Das Studium fördert die Studierenden in folgenden Kompetenzbereichen:

  • Welt- und menschenbildorientiertes Handeln
  • Konzeptuelles Denken und Transferfähigkeit
  • Methodisches Handeln
  • Kommunikative, soziale und Kooperationskompetenz
  • Selbstmanagement und Selbstreflexion

Zum besonderen fachlichen Profil des Studiengangs gehört u. a. eine Theorieausbildung in Heilpädagogik und ihren Nachbargebieten, eine umfangreiche diagnostische Ausbildung, eine fundierte Methodenausbildung (z. B. im Bereich Psychomotorik) und eine berufsfeldorientierte Ausbildung im Schwerpunktstudium – hier haben Studierende die Wahl von drei aus fünf heilpädagogisch relevanten Tätigkeitsfeldern: (A) Kinder und Jugendliche, (B) erwachsene und alte Menschen, (C) Erziehungshilfe, (D) seelisch belastete/verletzte Menschen sowie (E) Unterstützung und Förderung der Gesundheit.

liederung des Studiums

Im ersten Studienjahr werden neben den Grundlagen wissenschaftlichen Arbeitens vor allem die fachwissenschaftlichen Kenntnisse der Heilpädagogik und ihrer Nachbargebiete vermittelt; diese sind als Wissensgrundlage der heilpädagogischen Orientierung zu betrachten (Verstehen, Erklären, Einordnen).

Im zweiten Studienjahr stehen im Vordergrund die heilpädagogisch relevanten Ansätze des professionellen Handelns und die theoriegeleitete Praxiserfahrung (Blockpraktikum).
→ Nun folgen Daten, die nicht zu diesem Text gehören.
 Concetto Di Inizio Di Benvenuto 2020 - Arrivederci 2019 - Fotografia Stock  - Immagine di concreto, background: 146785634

Beide Bereiche stellen die Grundlage für begründete, zielgerichtete und reflektierte Vorhegensweisen dar, die für qualifizierte Heilpädagogen/-innen charakteristisch sind.
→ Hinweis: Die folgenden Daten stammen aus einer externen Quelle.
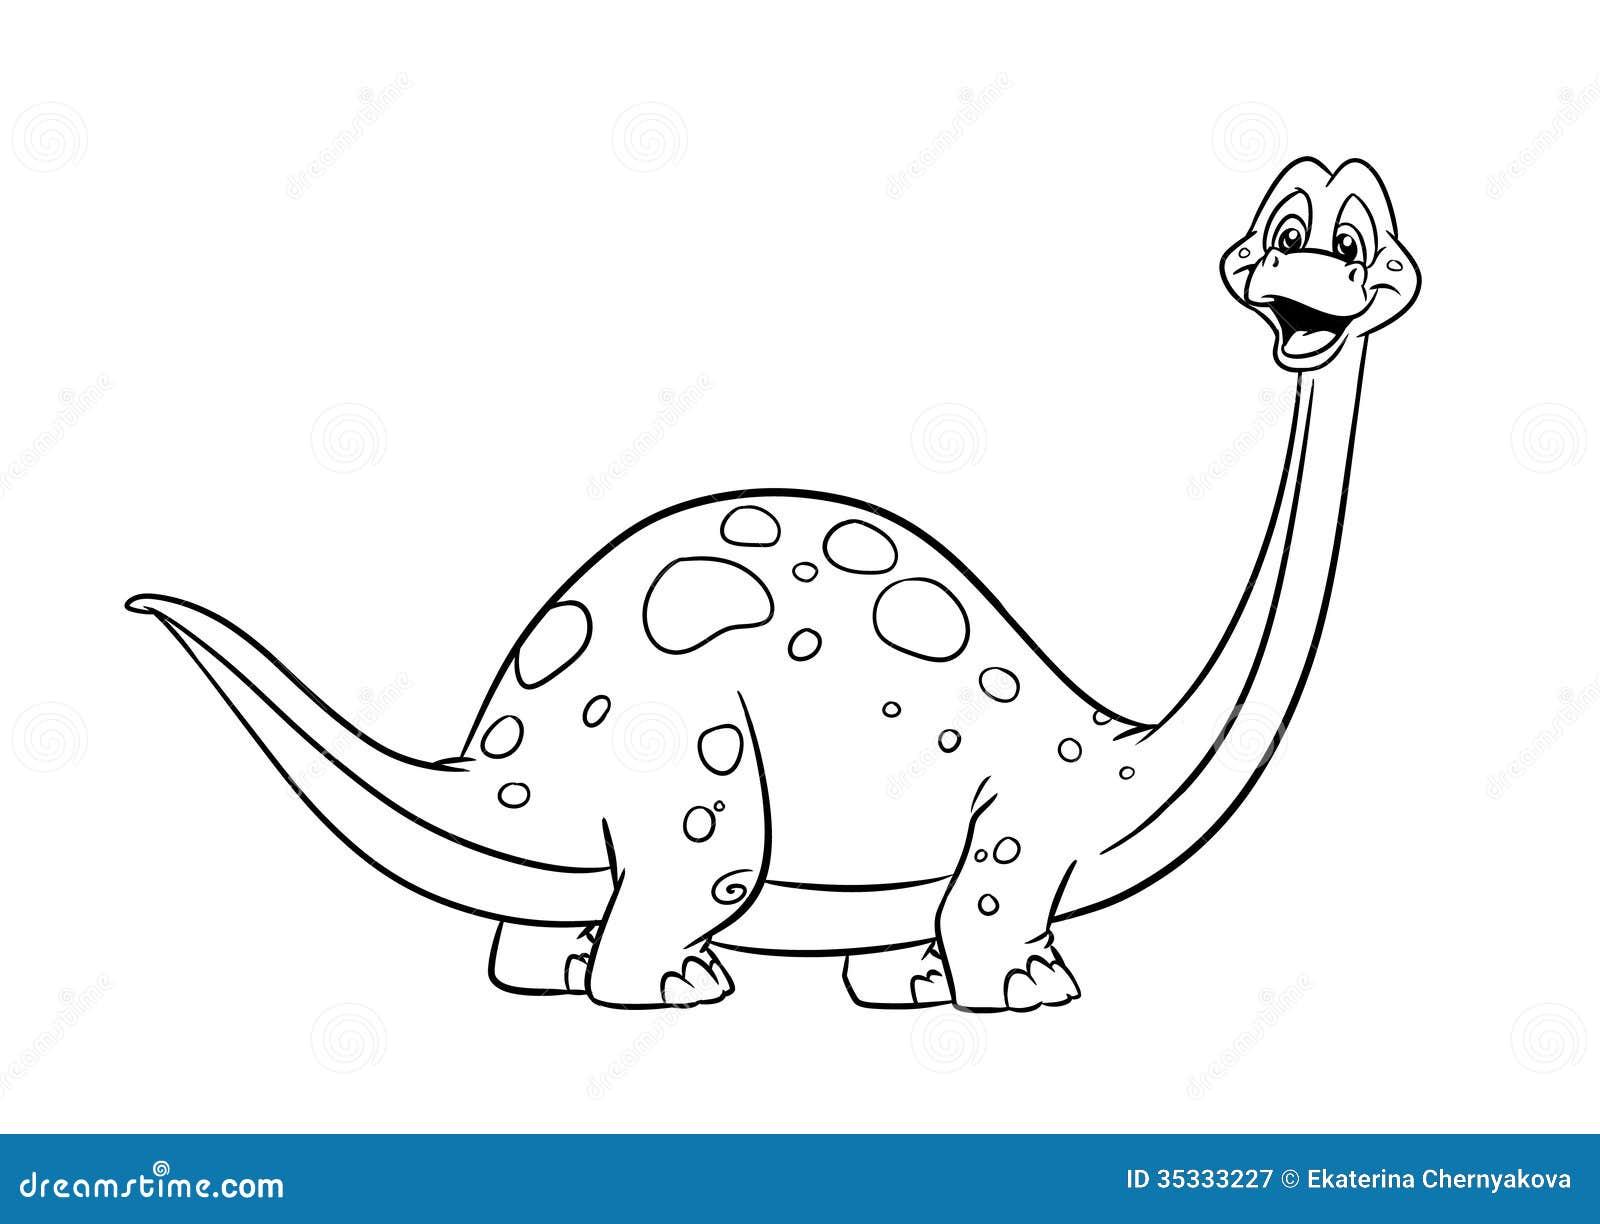 恐龙梁龙着色页

Im dritten Studienjahr wird die theoriegeleitete Praxiserfahrung fortgesetzt (Teilzeitpraktikum) und in den Wahlpflichtmodulen – ausgerichtet auf drei ausgewählte heilpädagogisch relevante Tätigkeitsfelder – mit spezifischen Theorieerkenntnissen untermauert, konkretisiert und vertieft; dies fördert die Anwendungskompetenz hinsichtlich fachspezifischer Kenntnisse und Handlungsansätze und erleichtert auch die Themenwahl für die BA-Thesis.
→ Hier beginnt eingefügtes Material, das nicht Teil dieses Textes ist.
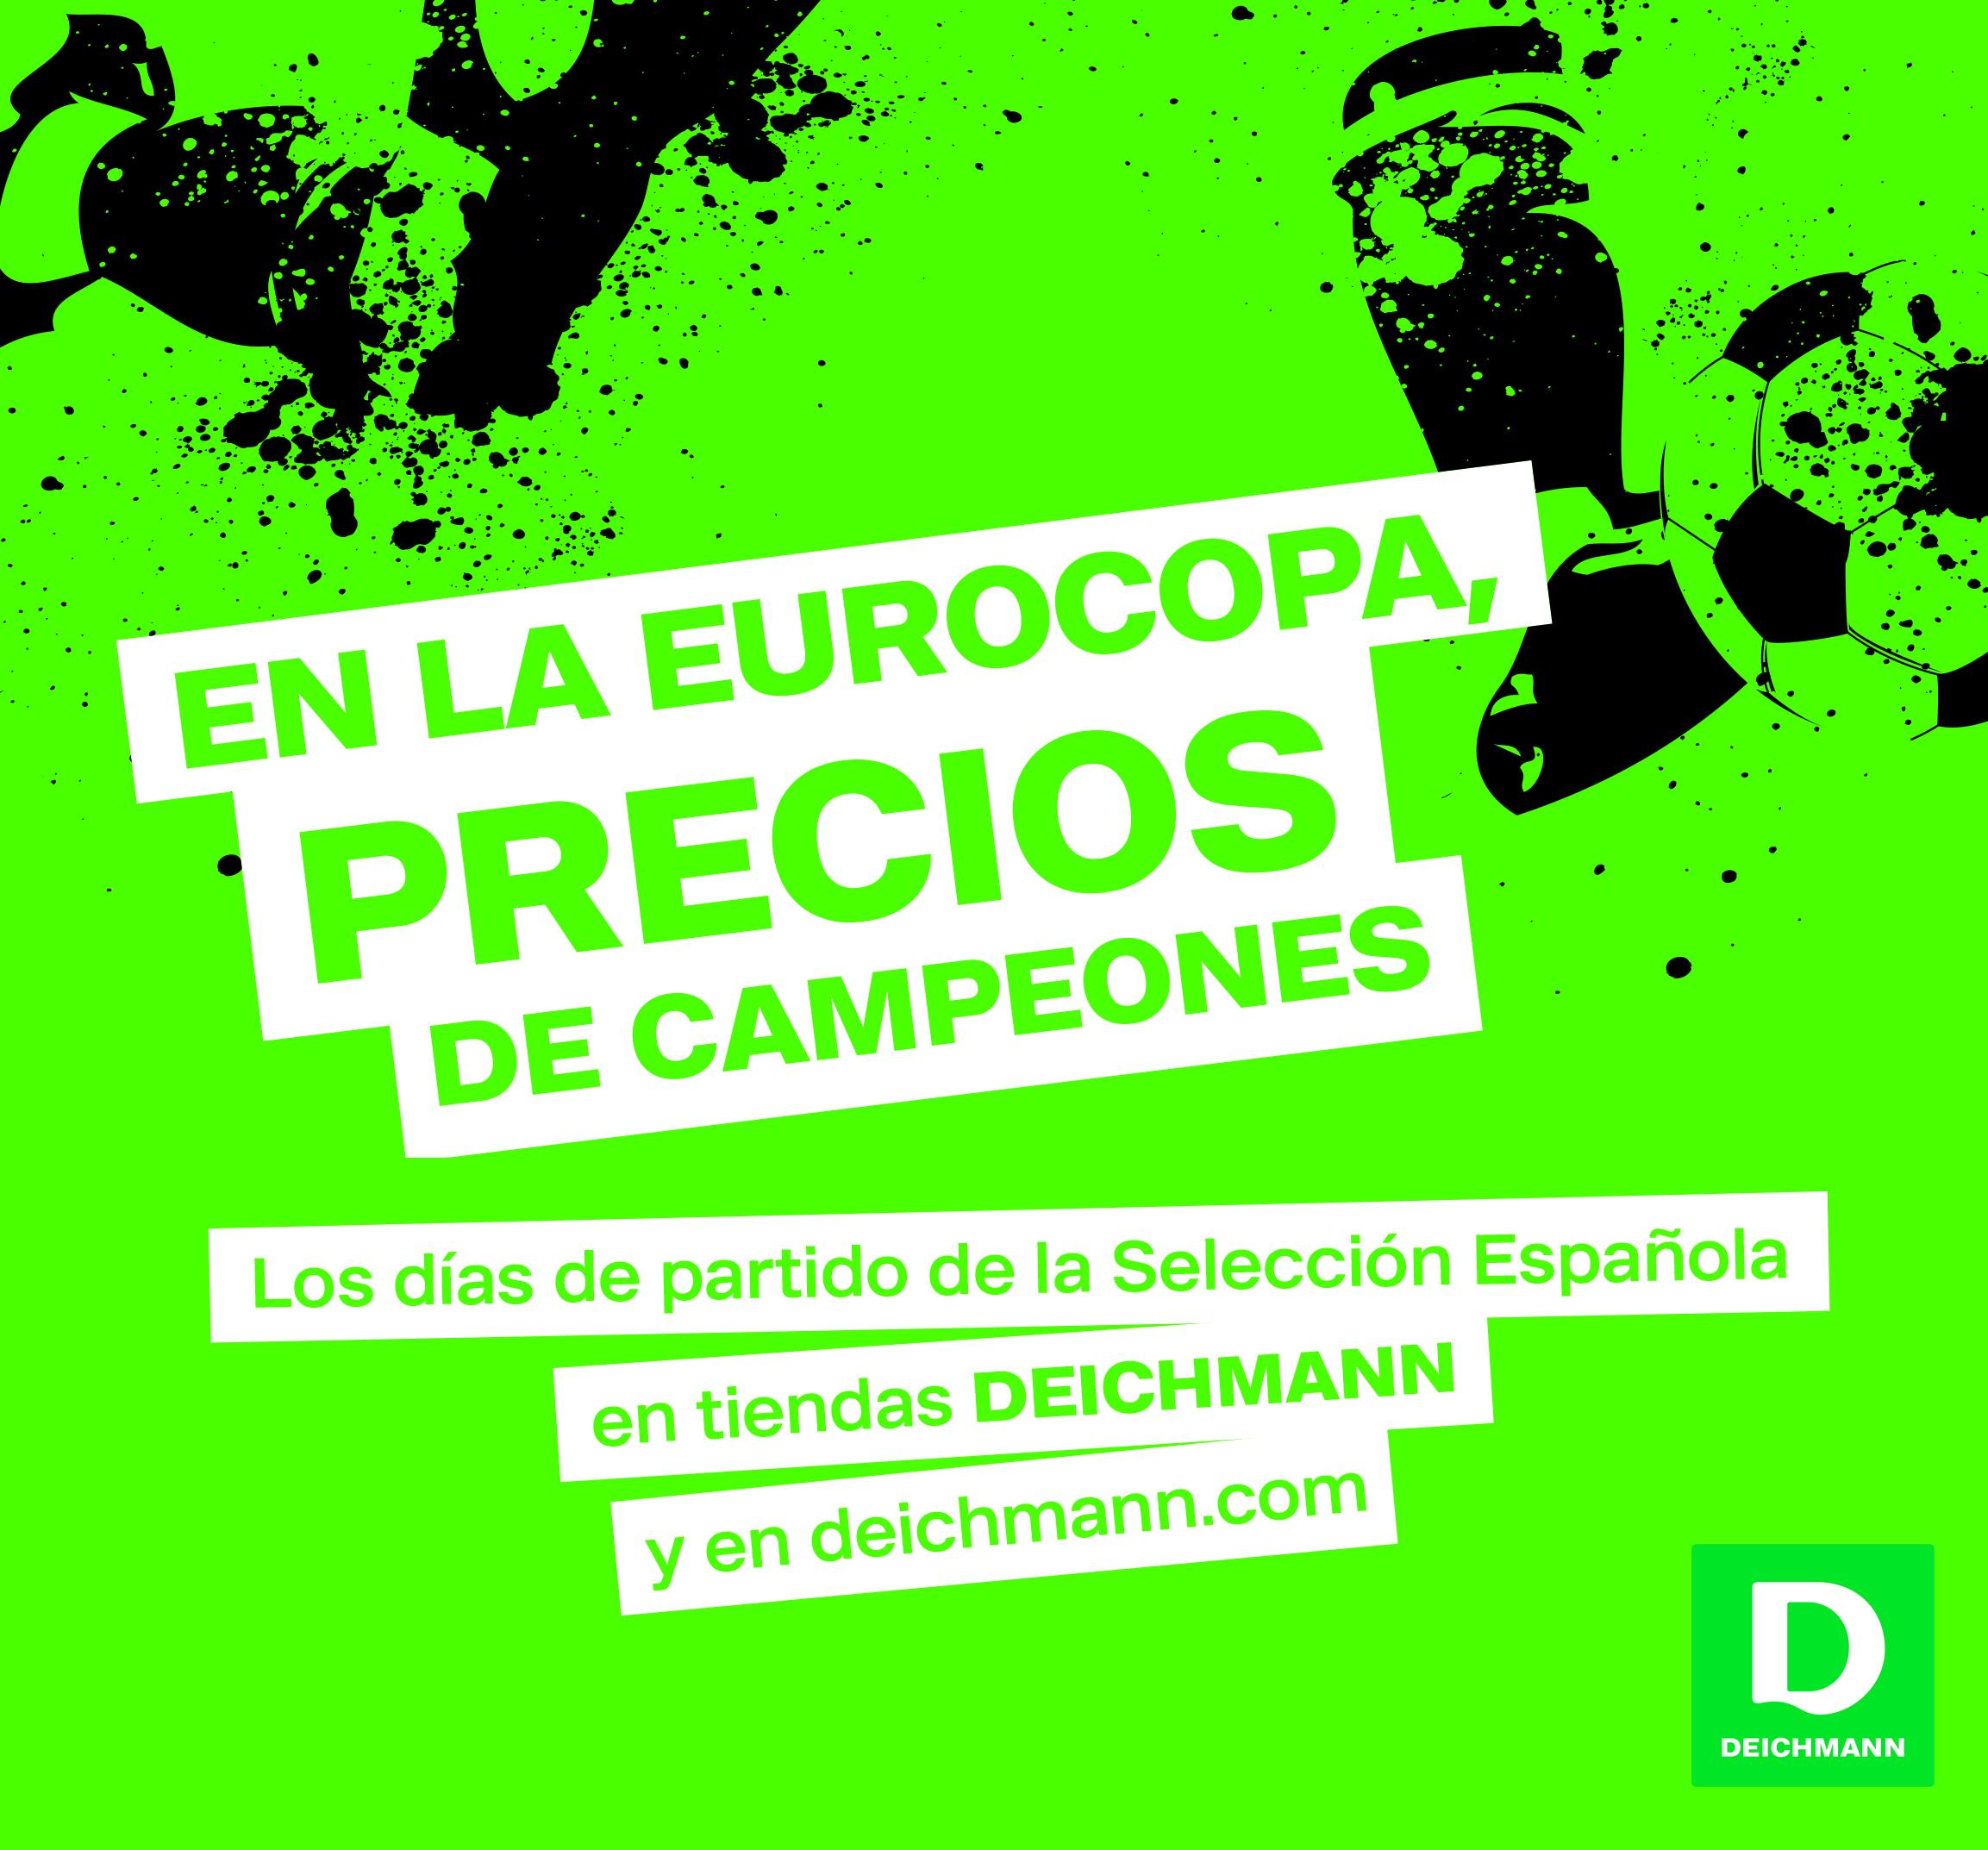 La Eurocopa en Deichmann

Den erforderlichen Praxisbezug des Studiums sichert das Modul „Theoriegeleitete Professionalisierung in Praxisfeldern“ mit insgesamt 18 ECTS. Im Rahmen dieses Moduls absolvieren die Studierenden ein vor- und nachbereitetes Blockpraktikum im Umfang von insgesamt 240 Arbeitsstunden sowie ein begleitetes Teilzeitpraktikum im Umfang von insgesamt 120 Arbeitsstunden.

Berufsfelder

Der Bachelorstudiengang Heilpädagogik qualifiziert für Tätigkeiten in folgenden Arbeitsfeldern:

  • Frühförderung
  • Integrative Kindergärten, Schulen
  • Ambulante, teilstationäre und stationäre Maßnahmen/Einrichtungen der Erziehungshilfe
  • Ambulante, teilstationäre und stationäre Einrichtungen der Kinder- und Jugendpsychiatrie
  • Wohneinrichtungen für erwachsene Menschen mit Behinderung
  • Werkstätten für Behinderte
  • Heilpädagogische Praxen

Das Studium beginnt zum Sommer- und Wintersemester eines jeden Jahres.

Wintersemester 2010/11 (Bewerbungfrist 15. Juli. )
Sommersemester 2010 (Bewerbungfrist 15. Januar. )

Zusätzliche Informationen

Preisinformation: Der Senat der EFH hat eine Studienbeitragssatzung beschlossen. Danach werden für alle Studierenden 300,00 € pro Semester zuzüglich des üblichen Semesterbeitrages erhoben.